Life Insurance confidence remains robust
04 August 2011 | Surveys, Reports and Ratings | General | Ernst & Young
In a quarterly survey, the results of which were released today, Ernst & Young reports that life insurance confidence remains robust in the second quarter, at 90 index points. This means that nine out of ten life insurers remained satisfied with business conditions in the second quarter of 2011. Tim Rutherford, Life Insurance spokesperson at Ernst & Young confirms that life insurance confidence levels remain the strongest in the financial services sector, and is noticeably ahead of banking, where only six out of ten banks were satisfied with prevailing business conditions.
This is the 32nd quarterly survey measuring confidence in the life insurance industry. The research is conducted by the Bureau for Economic Research in Stellenbosch.
Life Insurance confidence remains robust
Tim Rutherford continues, ‘Strong life insurance confidence is driven by strong operational fundamentals. Premium income is being fuelled by strong new business volumes. Investment income is also growing at reasonably strong levels by historical levels. As a result, income growth is at its strongest pace in over two years. ’ To a large extent, risk business is the primary driver behind the strong inflows, and growth in this segment is also at a two year high.
‘Also favouring the life insurance industry was benefit payments, which continue to rise at relatively modest levels. As a result, the life insurance sector is in the favourable situation where their asset base is growing.’

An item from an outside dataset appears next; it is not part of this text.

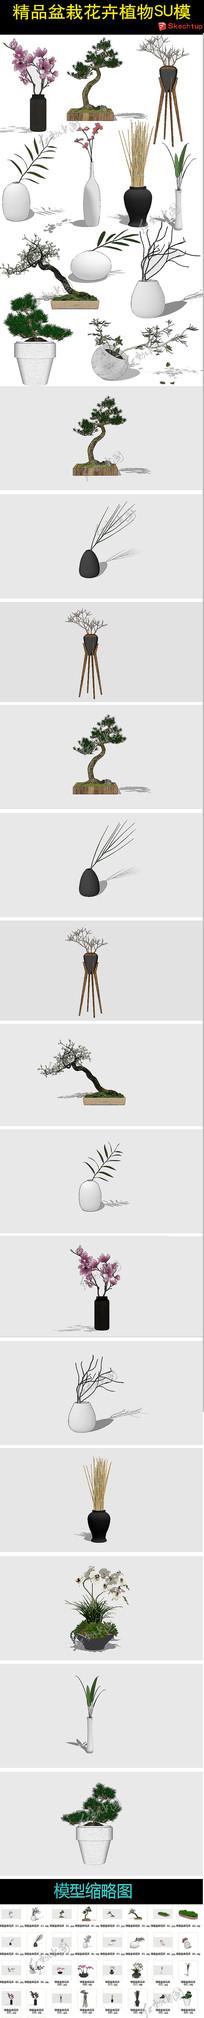 精品盆栽花卉植物SU模型

Other survey findings include:
· The second quarter saw continued inflows growth outpacing that of outflows.
· Life insurers continued building their agent numbers, after cutting back continuously in 2010.
· Employee numbers are more or less static, with life insurers focused on extracting efficiencies, as cost pressures continue building.
Comments Rutherford, ‘Life insurers weathered the storm of the global financial crisis more successfully than what banks managed and even better than the asset managers did. Local life insurers did not have exposure to credit-default assets. However, they were hurt by the subsequent fall in equity markets, which was a global-wide phenomenon. In the case of local equity markets, however, this proved to be relatively short-lived, and by the end of 2009, stock market capitalisation had recovered markedly. This shielded the life sector to some extent, from subdued premium earnings in 2009 and into 2010.’
‘With the current strong premium growth, life insurers are essentially benefiting from a very favourable environment. This in turn has driven profits to very strong levels in the second quarter, and way above recent profit expectations. This is confirmed by various trading updates from the large life insurers, which confirm positive sentiments.’
Rutherford points out though, that there is one area of concern, namely rising lapse rates. ‘Lapses have received considerable attention over the last few years, and through 2010, major progress was made in stemming outflows arising from this source. But the last two quarters have seen a reverse of the gains made in the previous calendar year. The second quarter saw a particularly sharp spike, and this proves the point that life insurers continuously need to keep an eye on lapse trends.
Rutherford concludes, ‘Overall, life insurers remain optimistic about growth prospects in 2011. Whilst equity markets are notoriously difficult to predict, and associated investment income earnings move strongly in tandem with equities, the respondents expect investment income prospects to remain strong, albeit weaker. Global commodity prices remain strong, and South Africa’s equities benefit strongly from that movement. Added to that, risk premiums are showing signs of sustained volume growth, coupled with rising margins, which is strongly supportive of overall attractive market conditions.’